- Given material
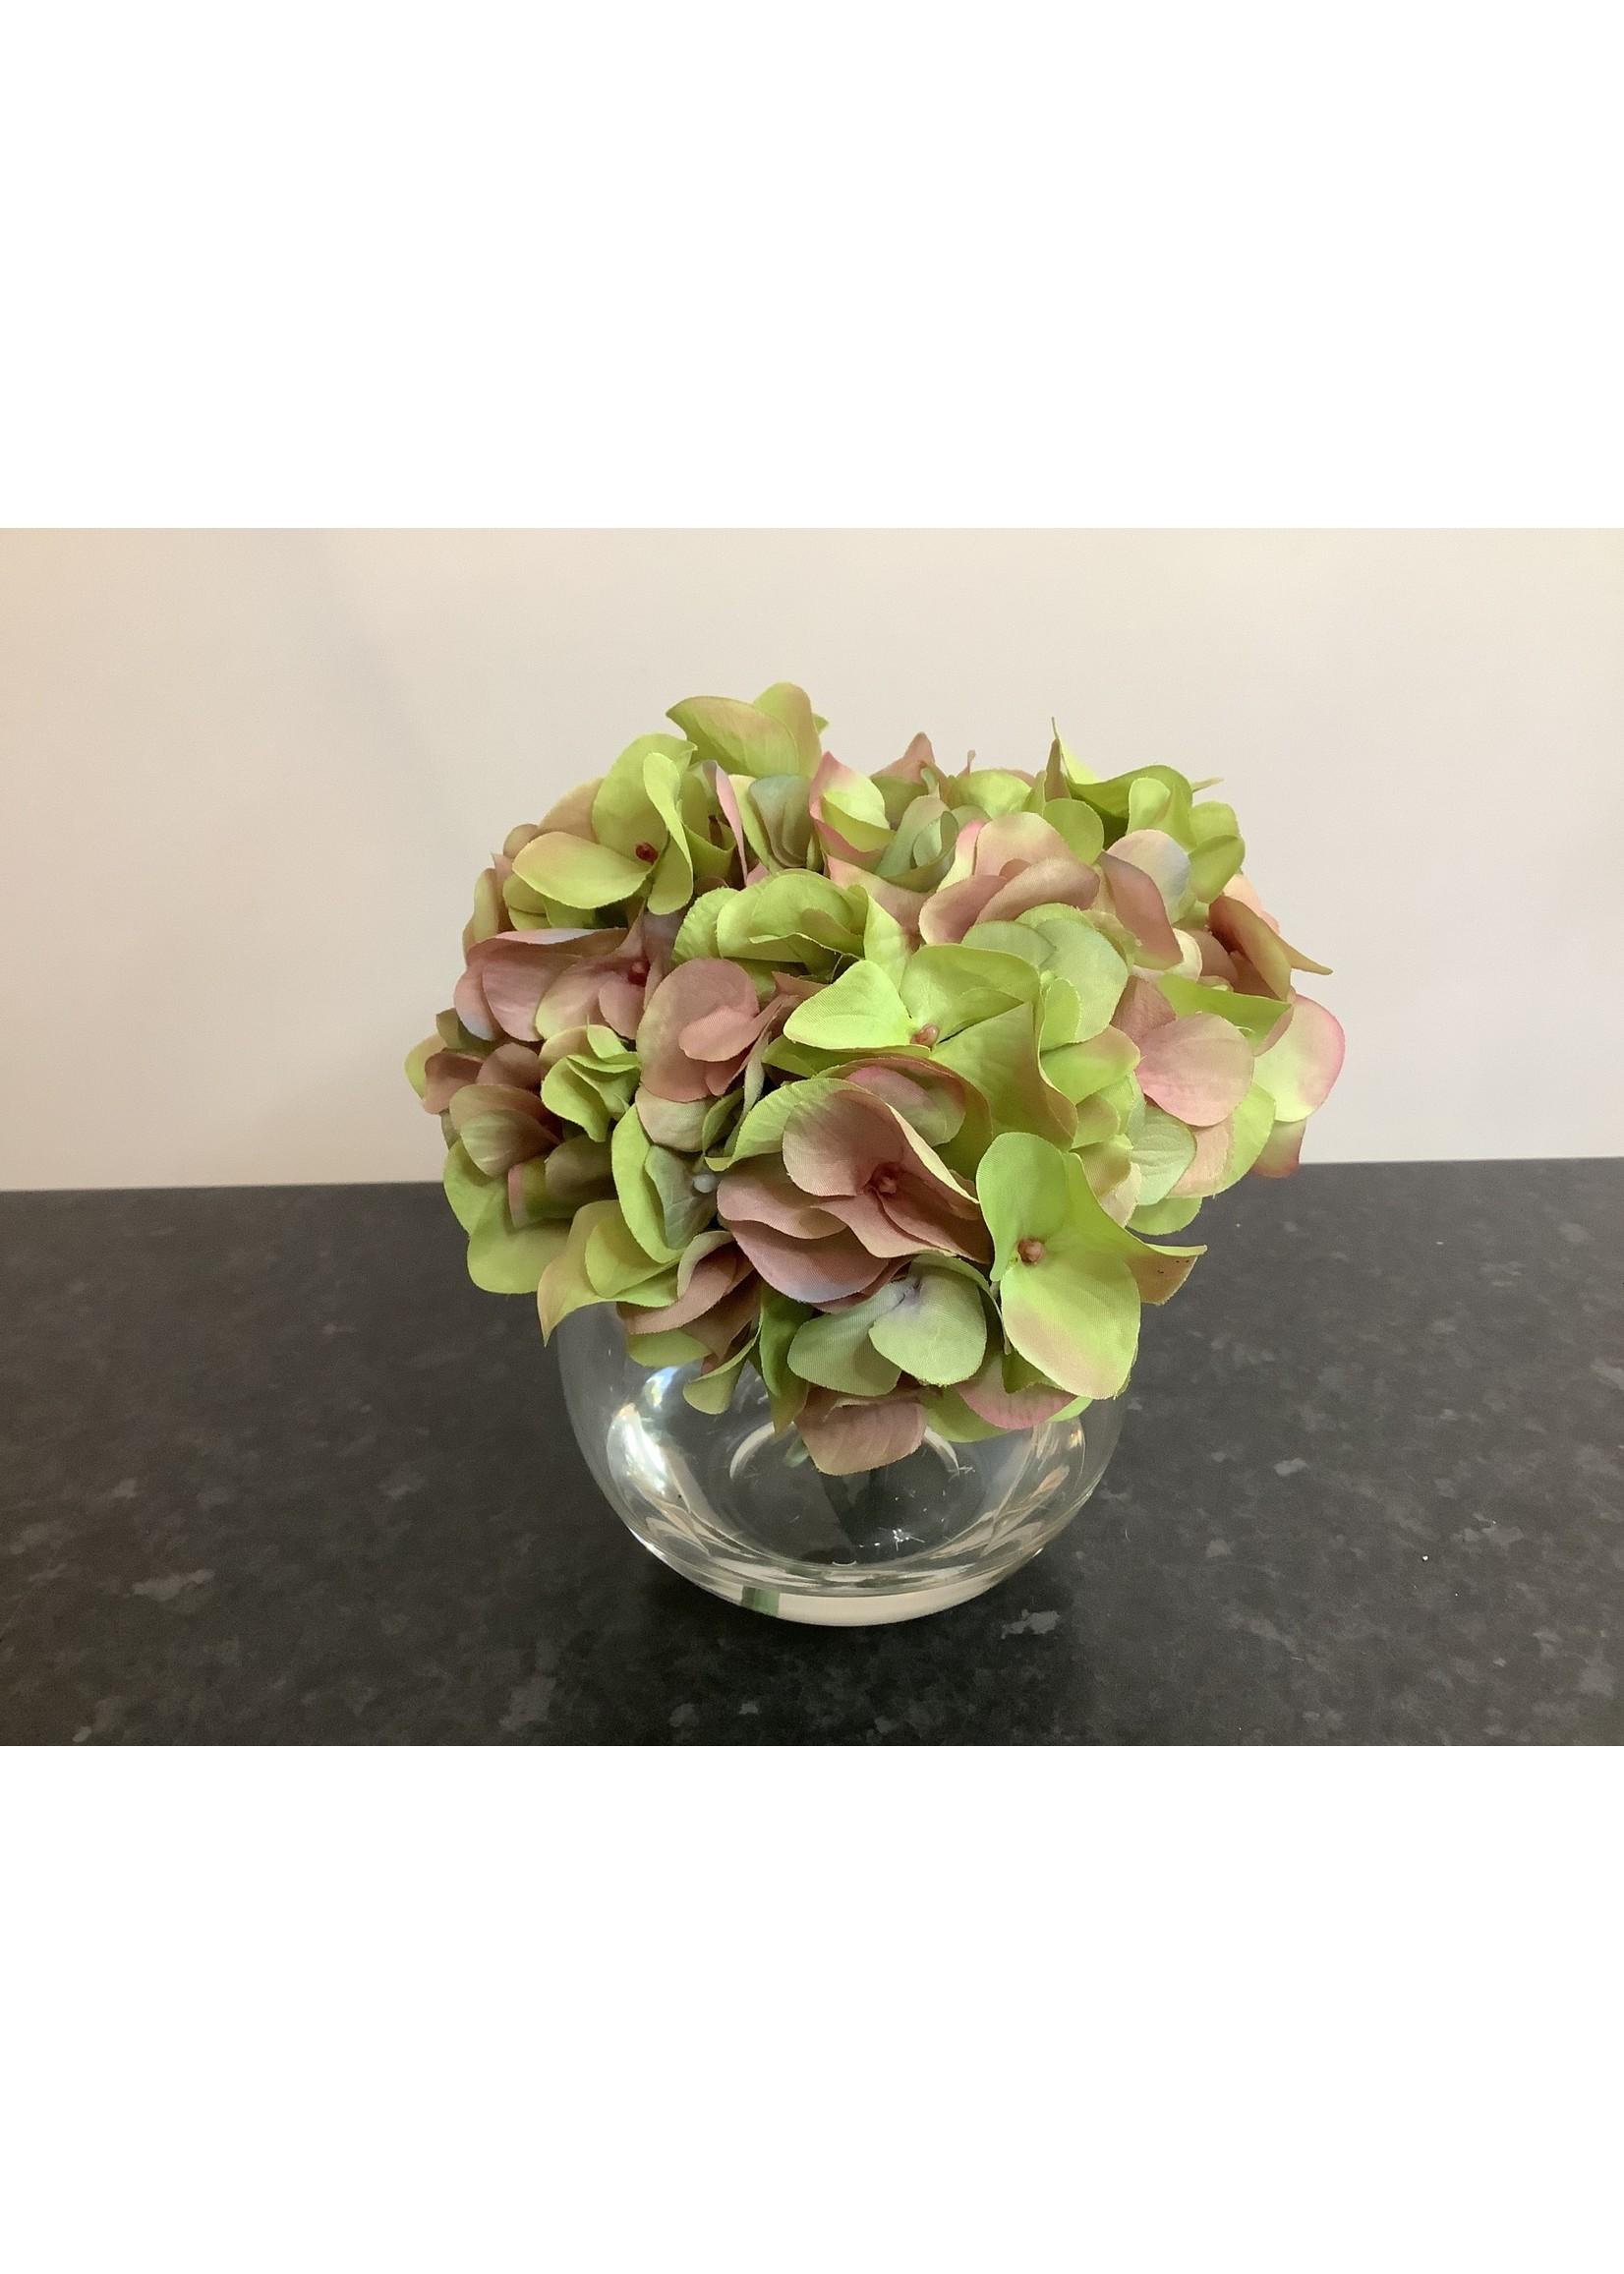 Hydrangea in glass vase 16x24cm
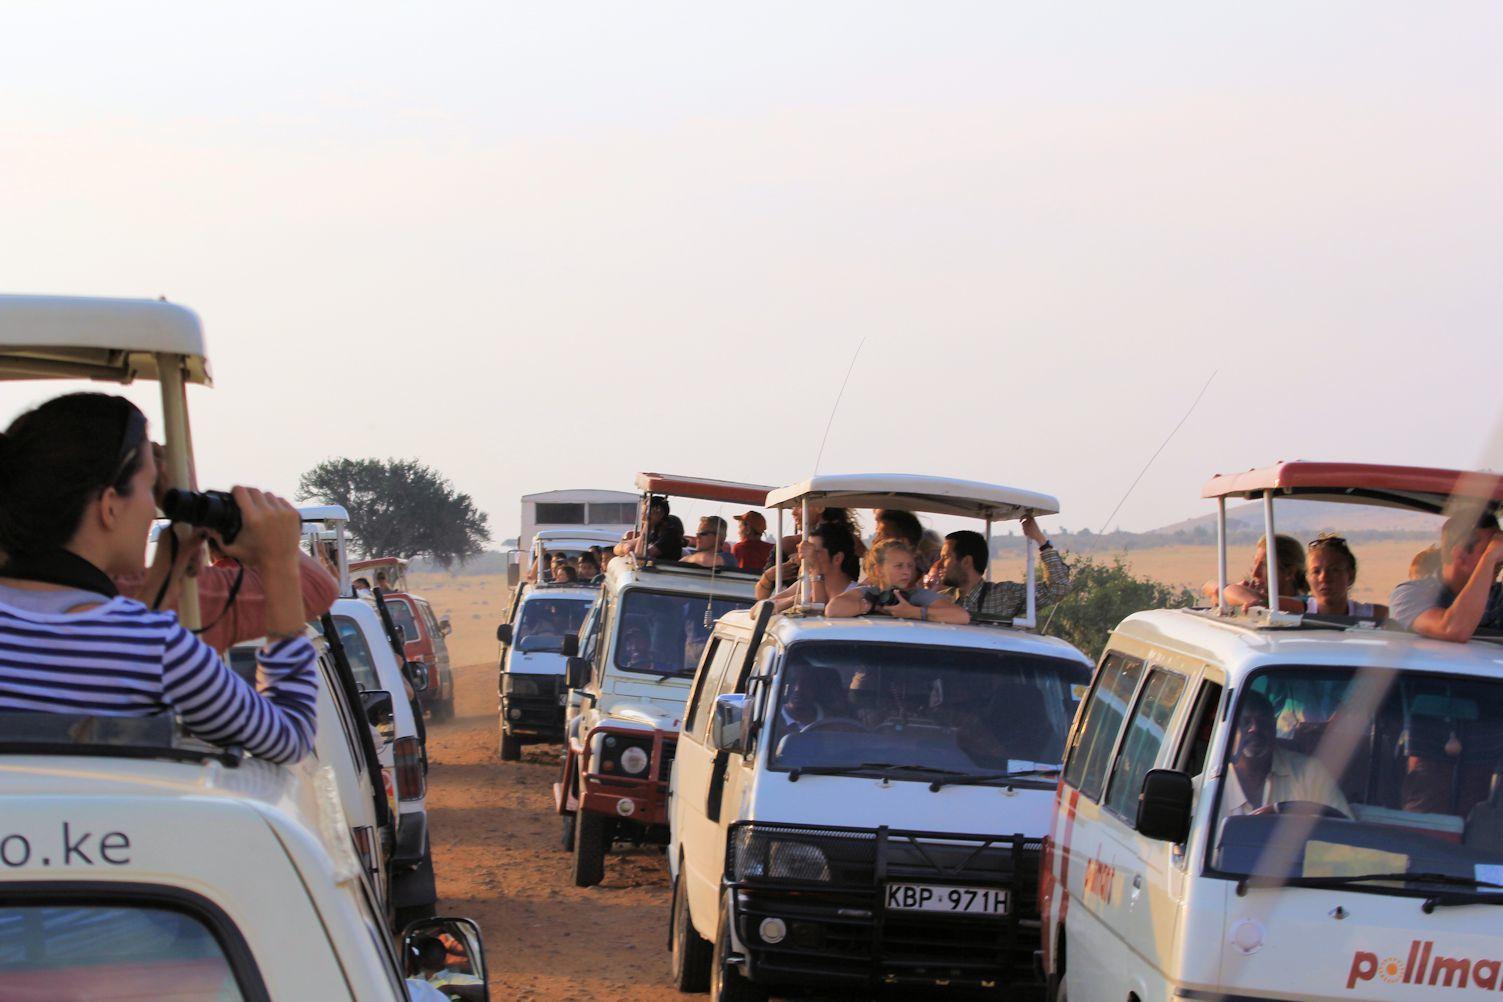 Traffic jams in Maasai Mara National Reserve
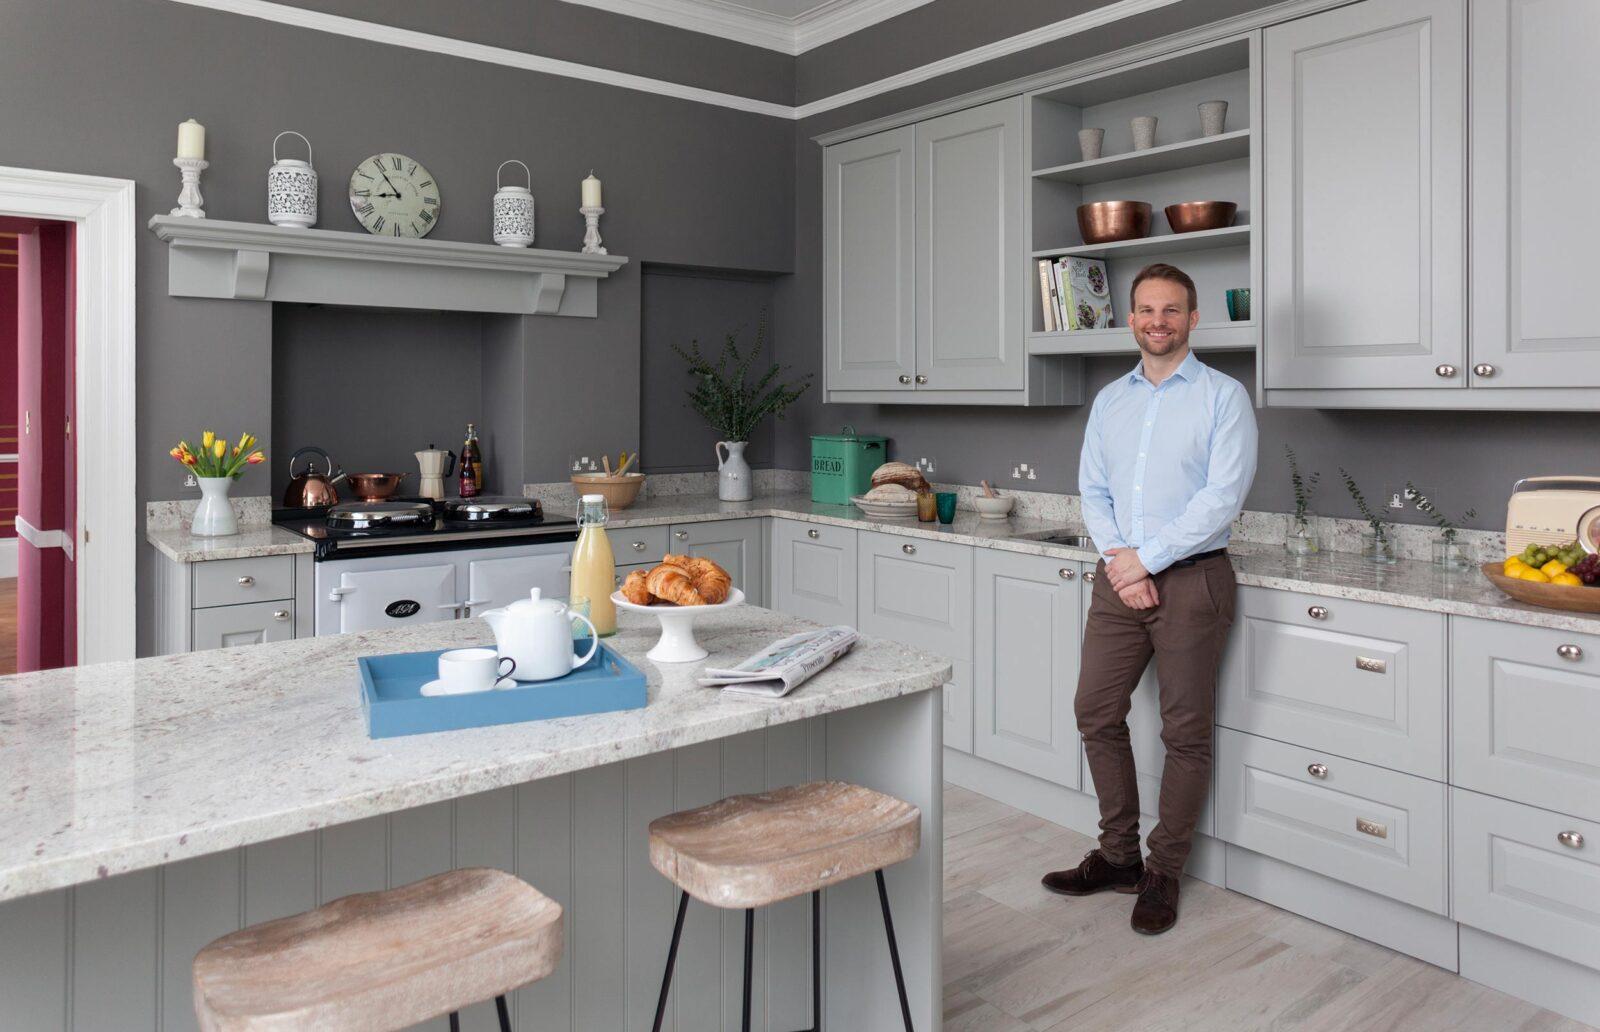 James Horsfall, Managing Director of Bath Kitchen Company
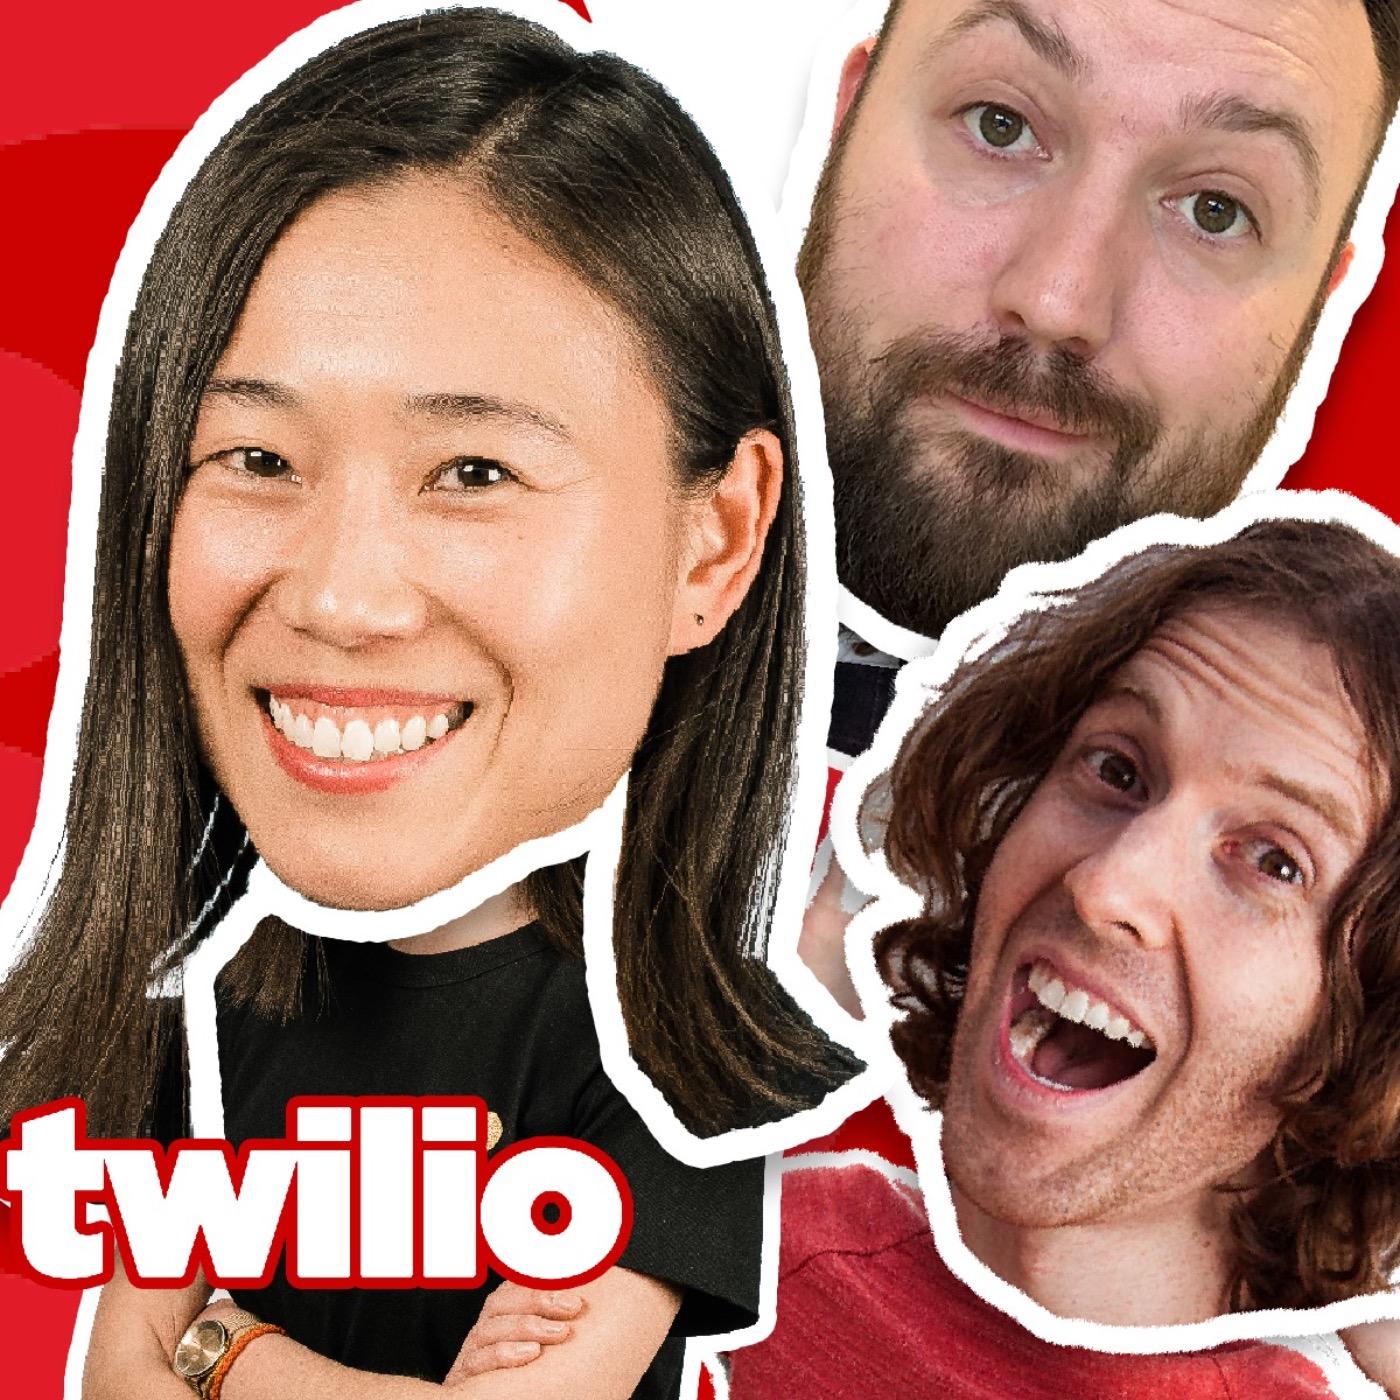 Twilio Autopilot and building trust through dialogue design with Elaine Lee

- Problem to solve
Pictures are not part of the copy. Reproduce the lines from the one with "Traffic jams in Maasai Mara National Reserve" through the end of the listing above.

- Solution to the problem
 Traffic jams in Maasai Mara National Reserve
 James Horsfall, Managing Director of Bath Kitchen Company
 Twilio Autopilot and building trust through dialogue design with Elaine Lee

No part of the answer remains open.